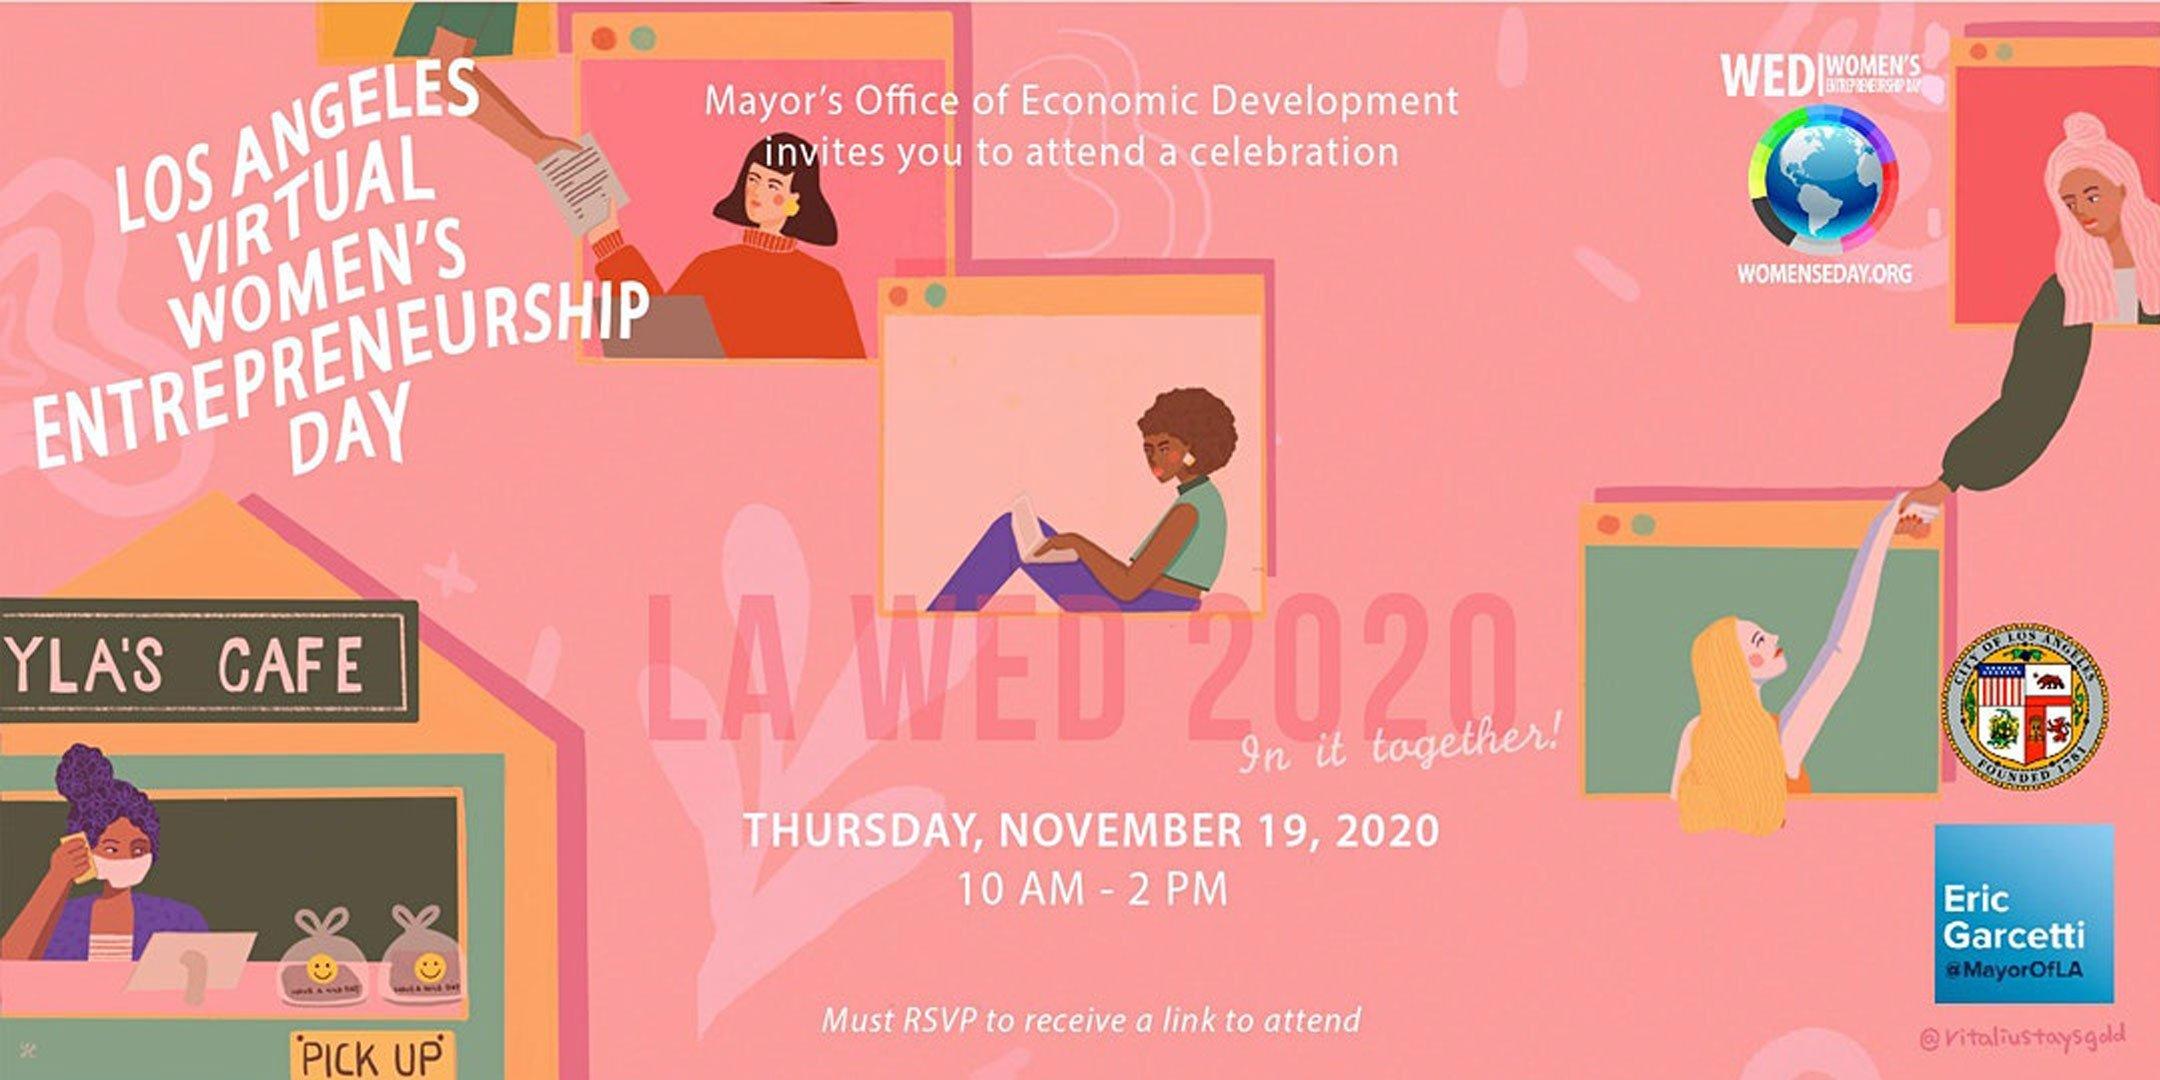 LA Virtual Women 11/19/20 event's featured image for kalika.com
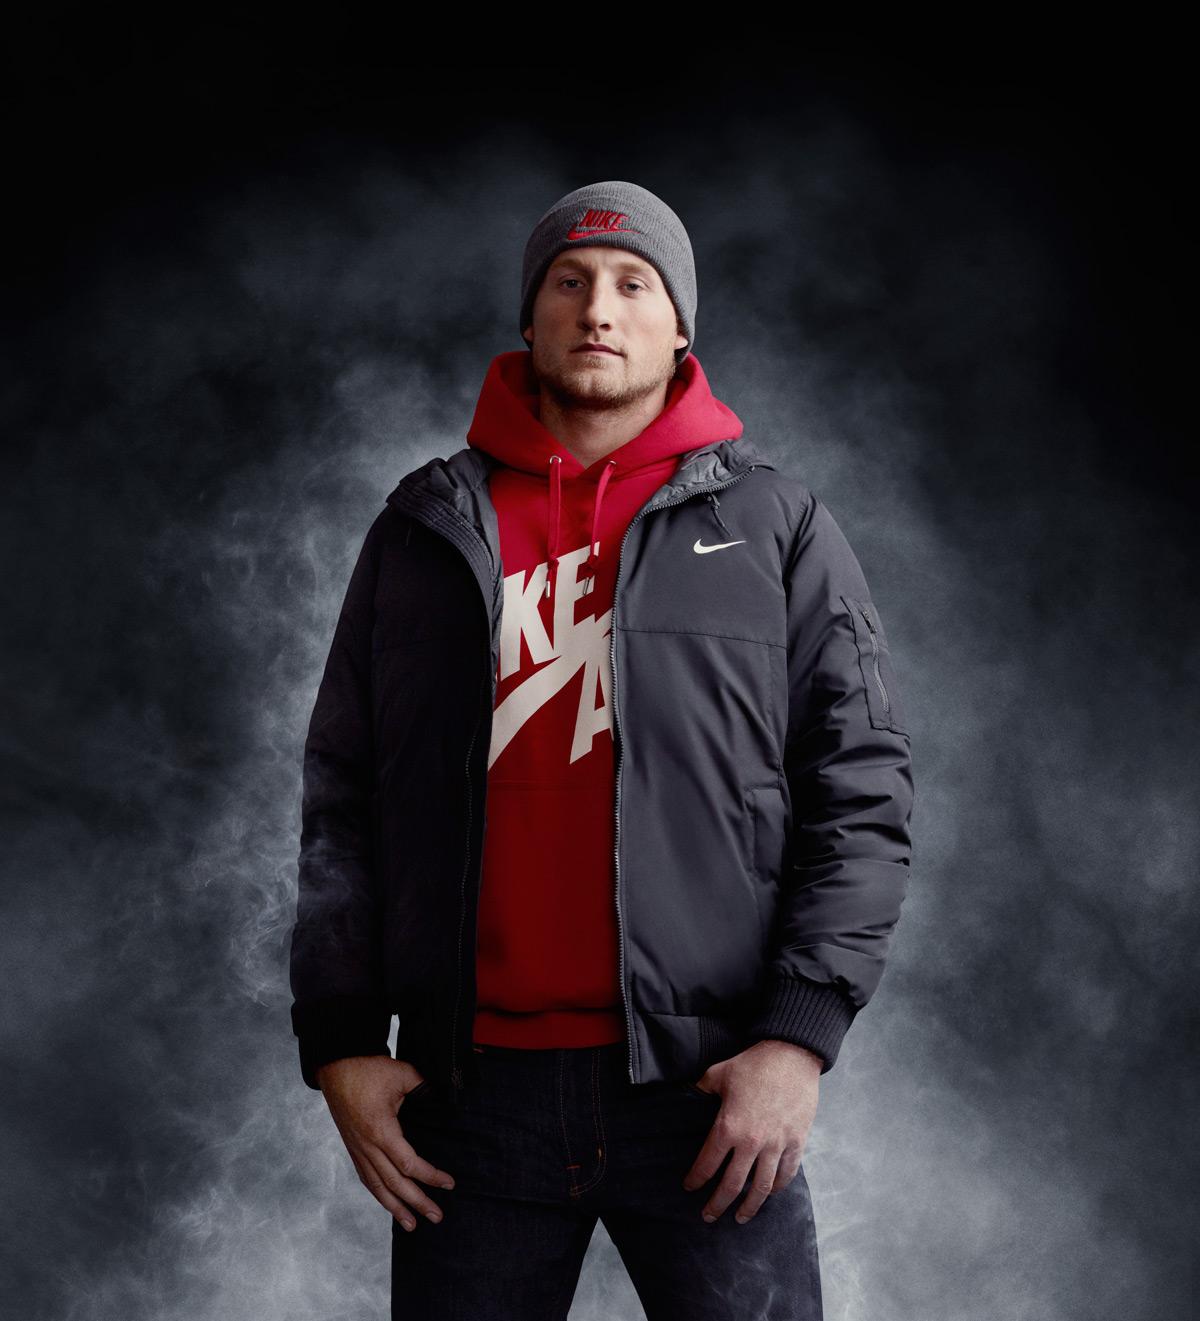 Nike_Ho12_NSW_Stamkos_f2_Layers.jpg
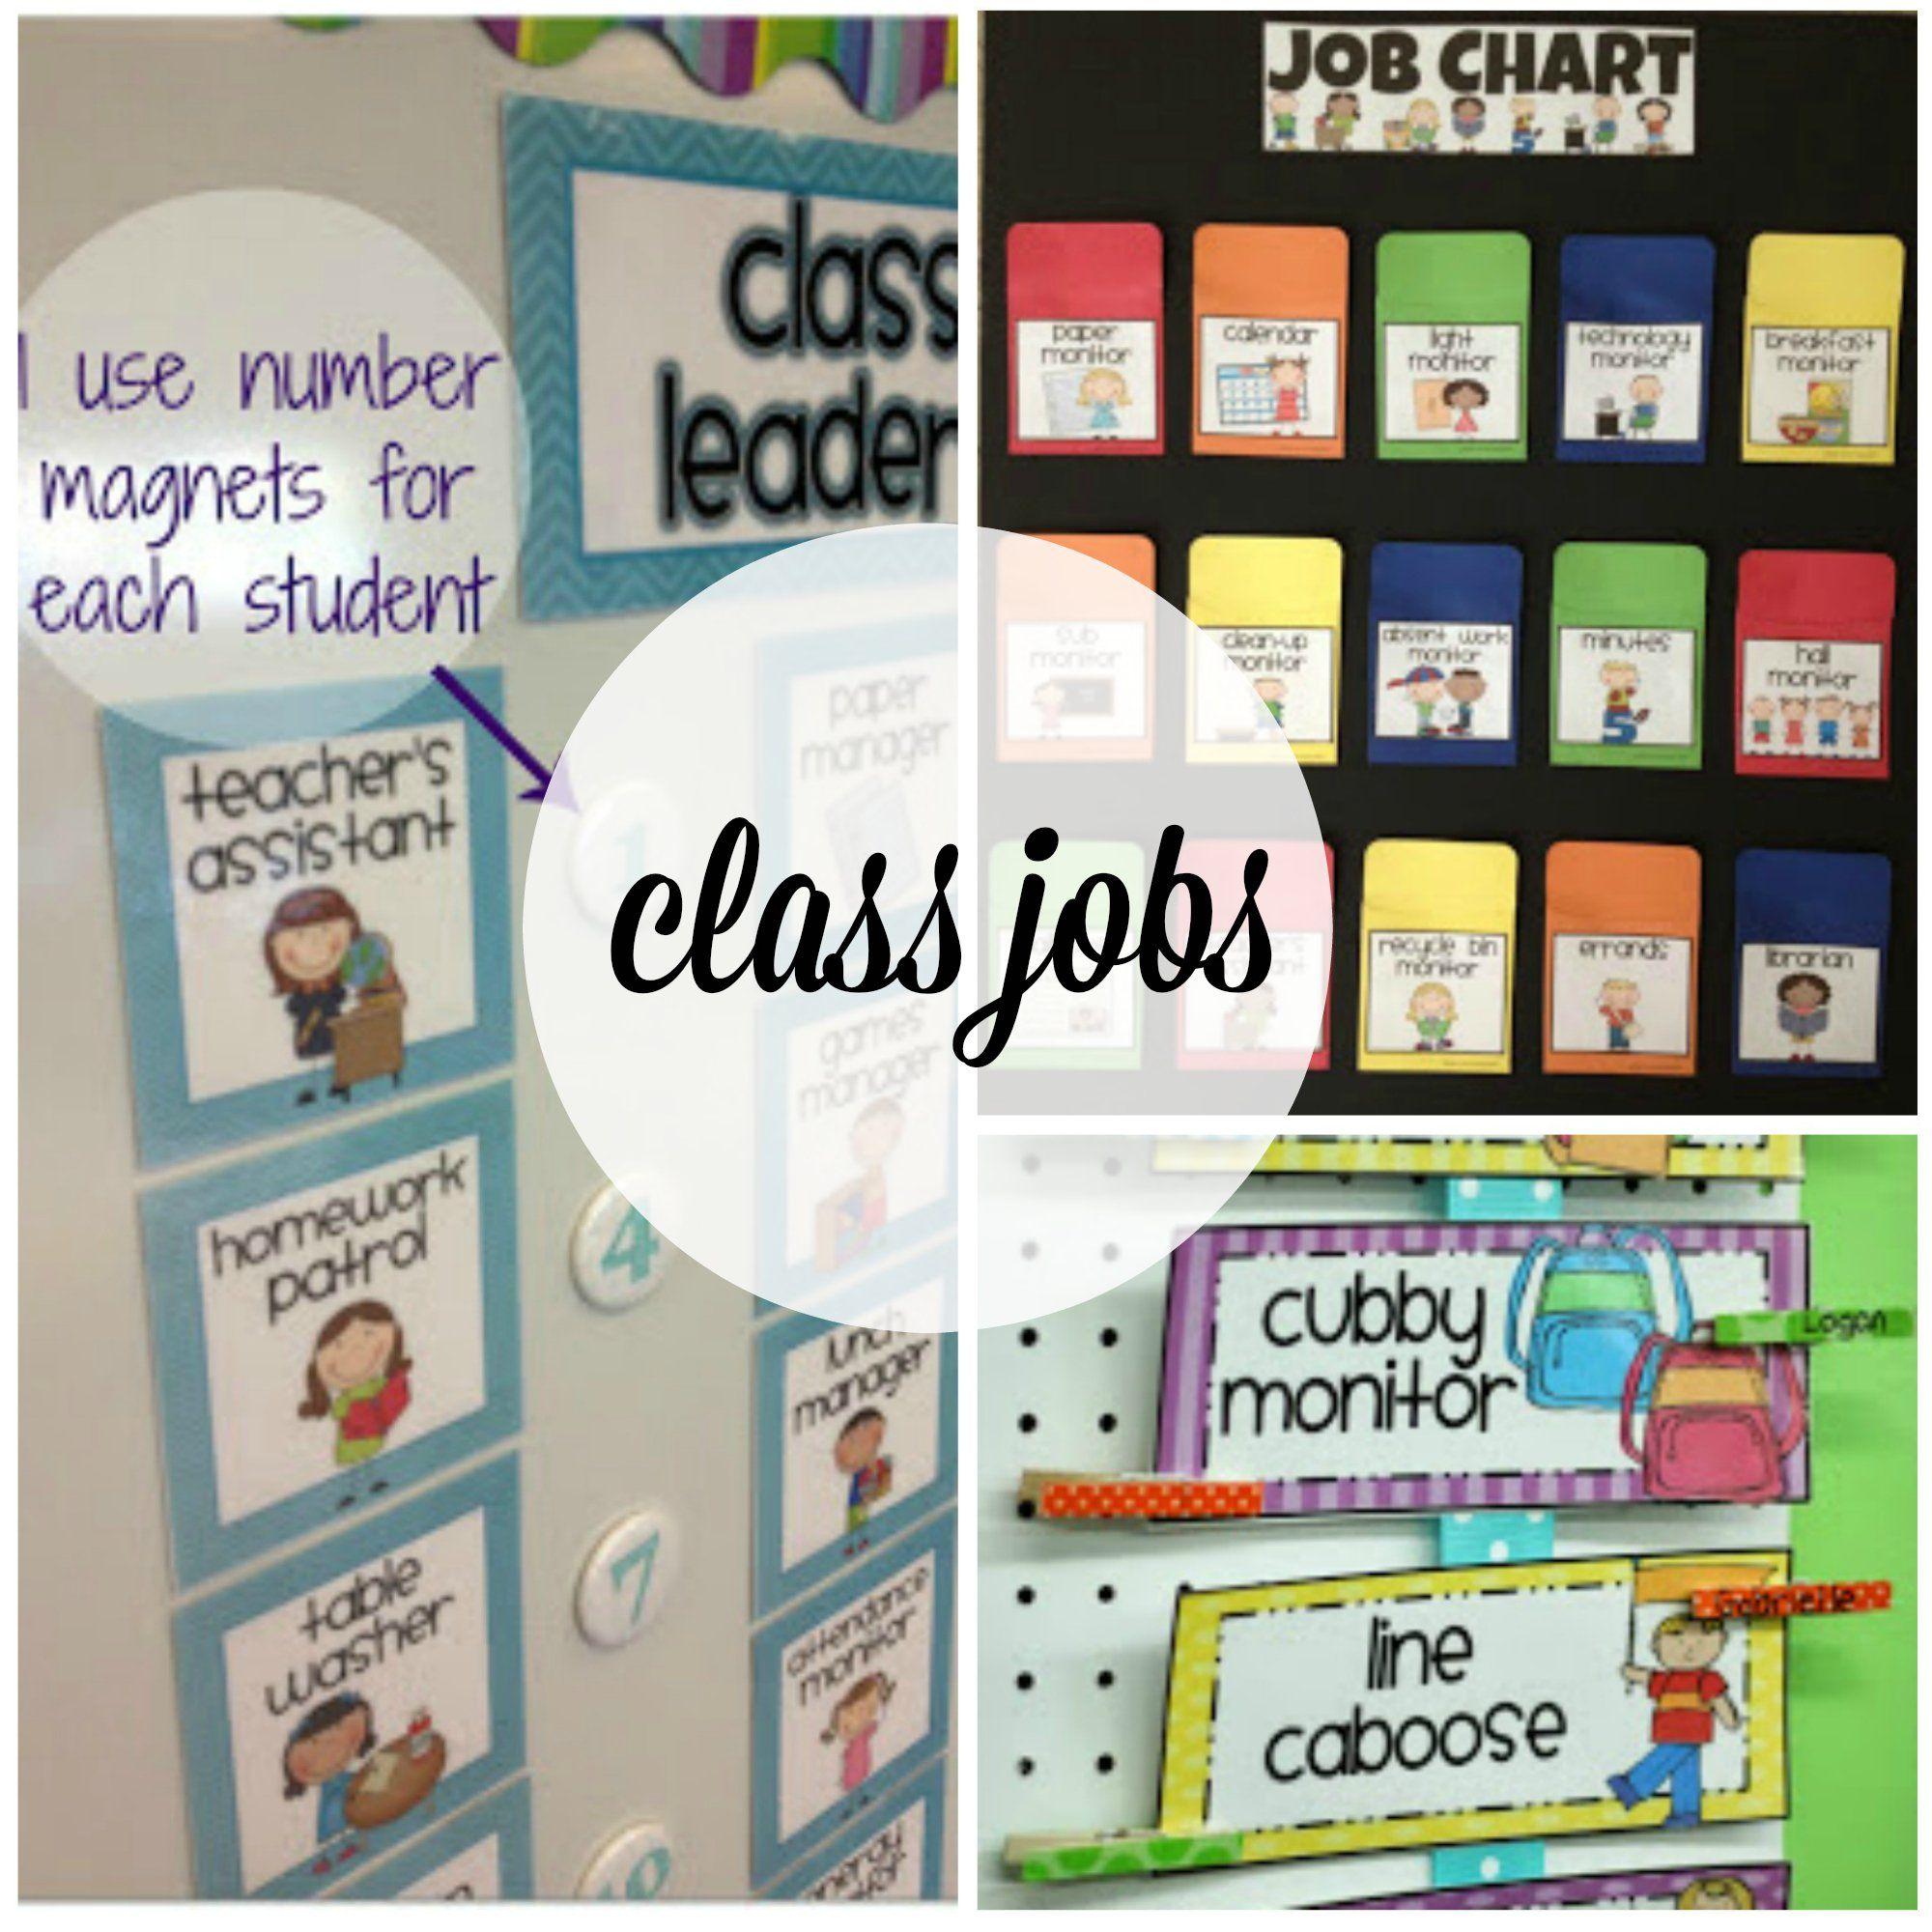 Classroom procedures classroom organization classroom management - 32 Must Try Classroom Management Tips

# [Task prompt]
Keeping pictures out, repeat exactly the lines from the one containing "Nike_Ho12_NSW_Stamkos_f2_Layers.jpg" through the end of the listing.

# [Written solution]
 Nike_Ho12_NSW_Stamkos_f2_Layers.jpg
 Classroom procedures classroom organization classroom management - 32 Must Try Classroom Management Tips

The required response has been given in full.